- [ENTRIES SHOWN]
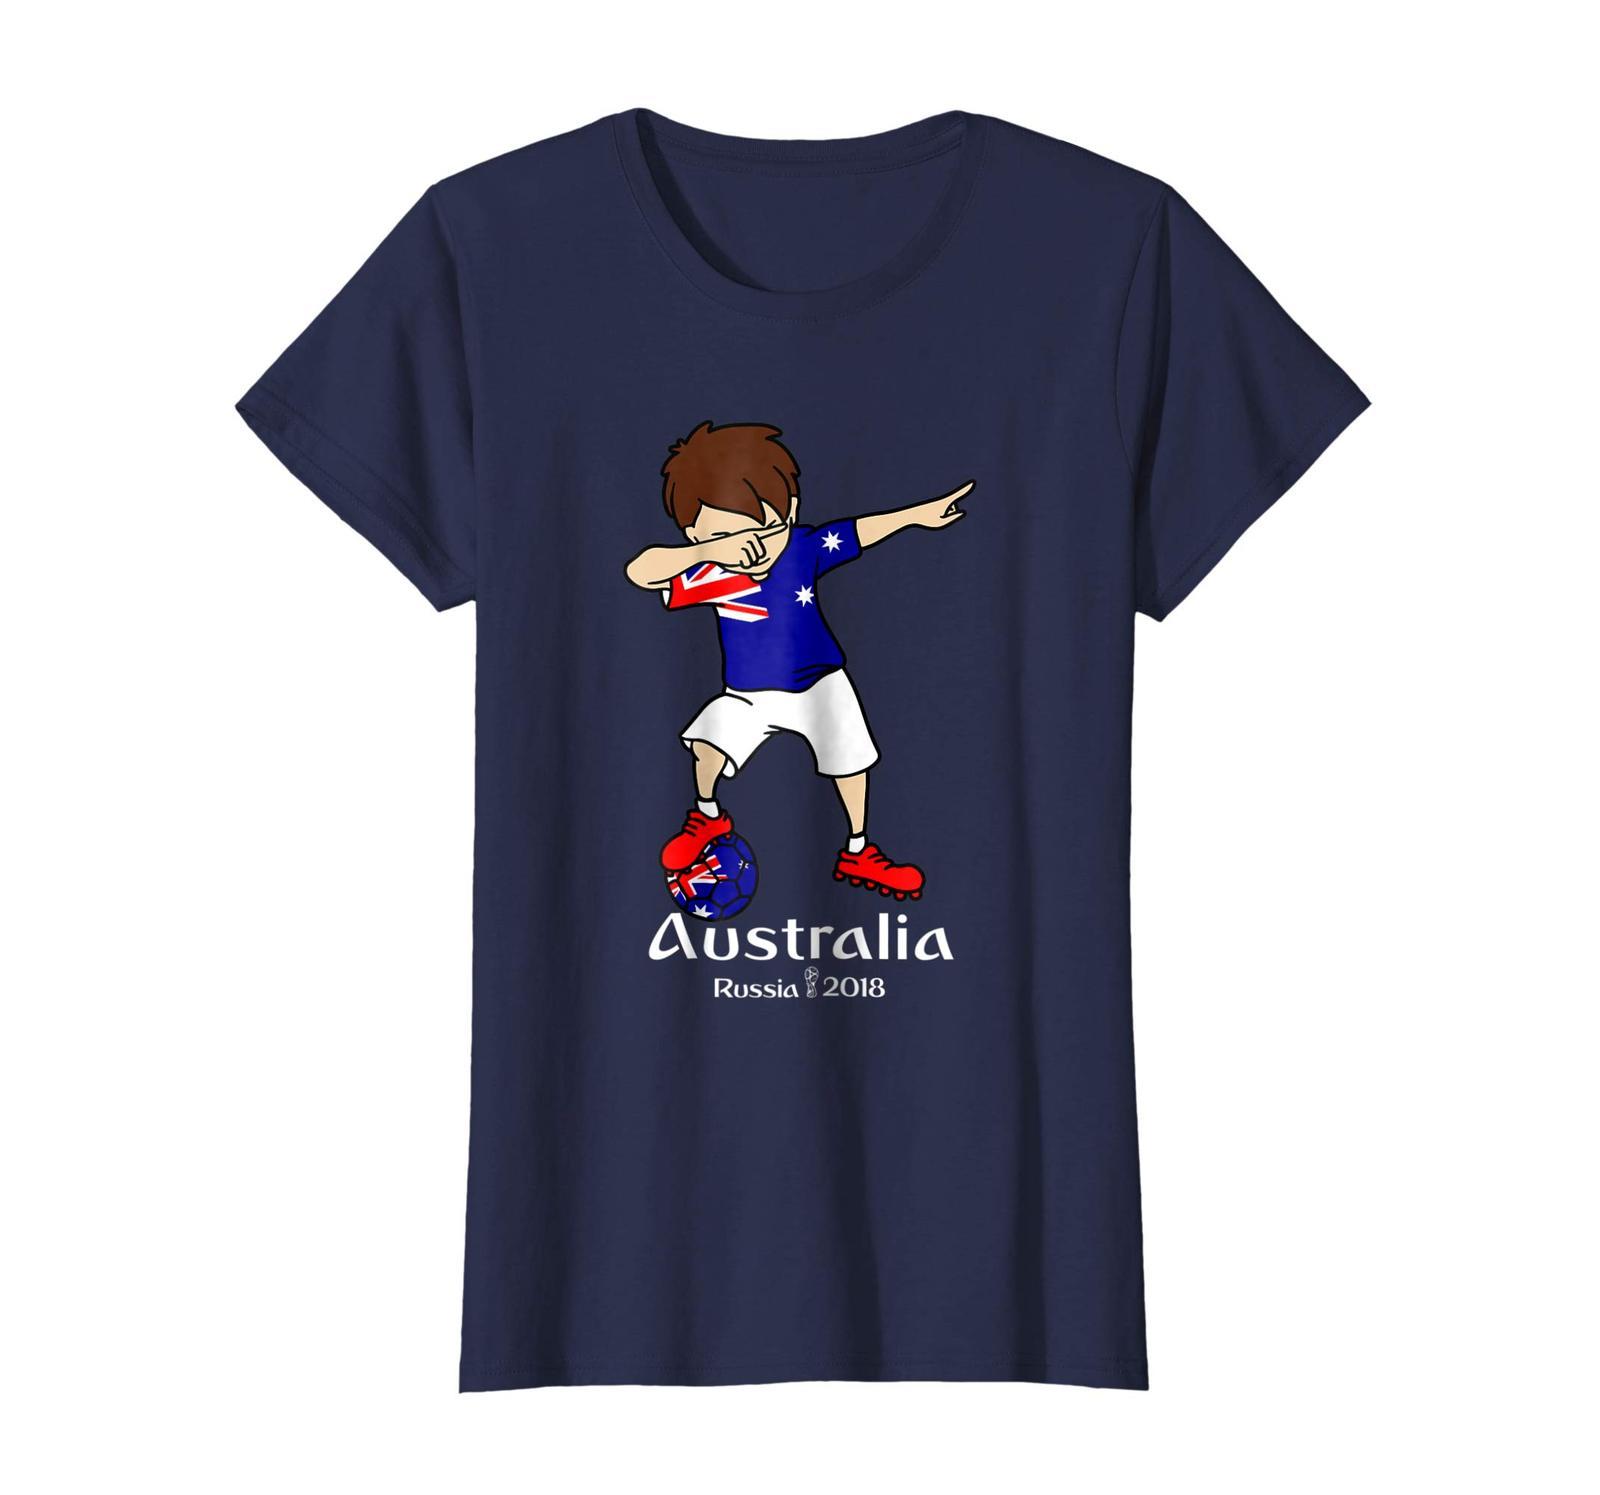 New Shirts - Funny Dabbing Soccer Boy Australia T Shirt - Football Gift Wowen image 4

==

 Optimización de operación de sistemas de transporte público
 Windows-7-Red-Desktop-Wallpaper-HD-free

- [WHAT TO WORK ON] From the data above, return every line from the line that has "Optimización de operación" up to and including the line that has "Windows-7-Red-Desktop-Wallpaper-HD-free", exactly.

- [REPLY TO THE EXERCISE]
 Optimización de operación de sistemas de transporte público
 Windows-7-Red-Desktop-Wallpaper-HD-free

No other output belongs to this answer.